If you happen to see a question you know the answer to, please do chime in and help your fellow community members. We appreciate your help!
Test-drive the GATK tools and Best Practices pipelines on Terra
Check out this blog post to learn how you can get started with GATK and try out the pipelines in preconfigured workspaces (with a user-friendly interface!) without having to install anything.

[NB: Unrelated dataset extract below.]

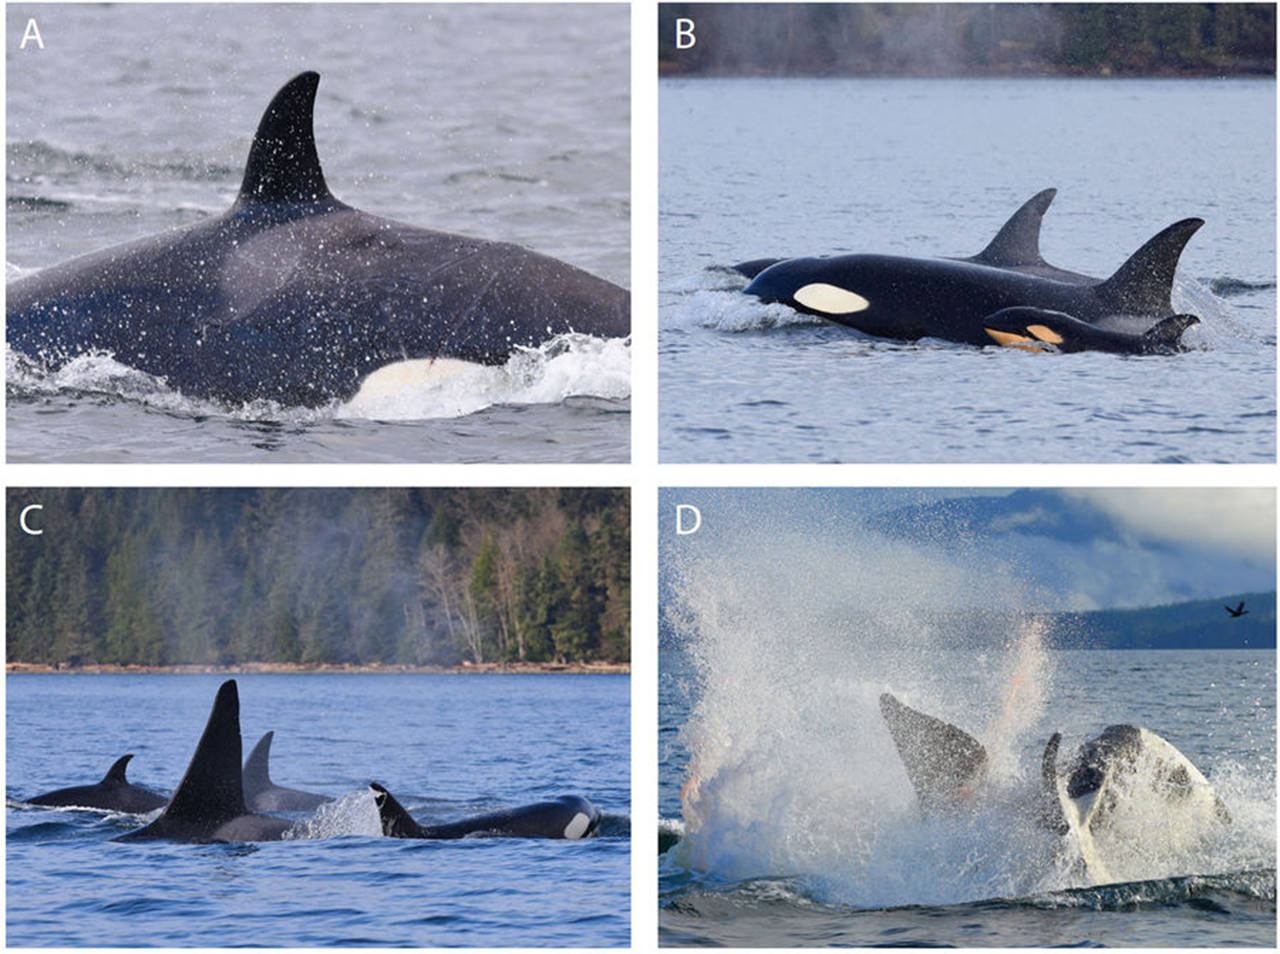 Contributed photos                                Observations leading to infanticide. (A) Fresh wounds on left flank and kinked spine anterior to dorsal fin of the approximately 3-year-old orca. (B) Calf with its mother and sister. (C) Circling orcas. (D) The calf’s mother ramming the adult male orca from below sending spray and blood into the air.

Less unfiltered reads than filtered ones
we are working with GATK 3.2.2 and focus on an optimization of the SNP and indel calling in the context of our data. Thereby, we also determine the frequency of a certain variant. However, we came across some strange results in this case.
In the vcf files there is of course the DP in the info field, representing the unfiltered depth, and the DP in the format field, representing the filtered depth. Yet, we also calculated the depth by ourselves in the bam file and looked it up in the IGV.

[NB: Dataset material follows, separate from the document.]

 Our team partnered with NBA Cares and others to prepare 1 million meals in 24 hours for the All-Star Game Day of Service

One especially strange case is the following:
For a sample GATK calls a deletion. The unfiltered DP (info field) is DP=644. The filtered DP (format field) is DP=505. It consists of 438 reads with the original genotype and 67 reads containing the variant. However, in our raw bam file and in the IGV things are different. There we see 499 reads in total. 425 containing a C (reference), one with an N and 73 with a deletion. We checked and the results are reproduceable.
Furthermore, we see similar differences as well. There are many cases in which the number of reads containing the variant or the reference allele as we count it and as it is observable in the IGV is smaller than the reported number of filtered reads.
How can this happen? I'm really looking forward to your answers.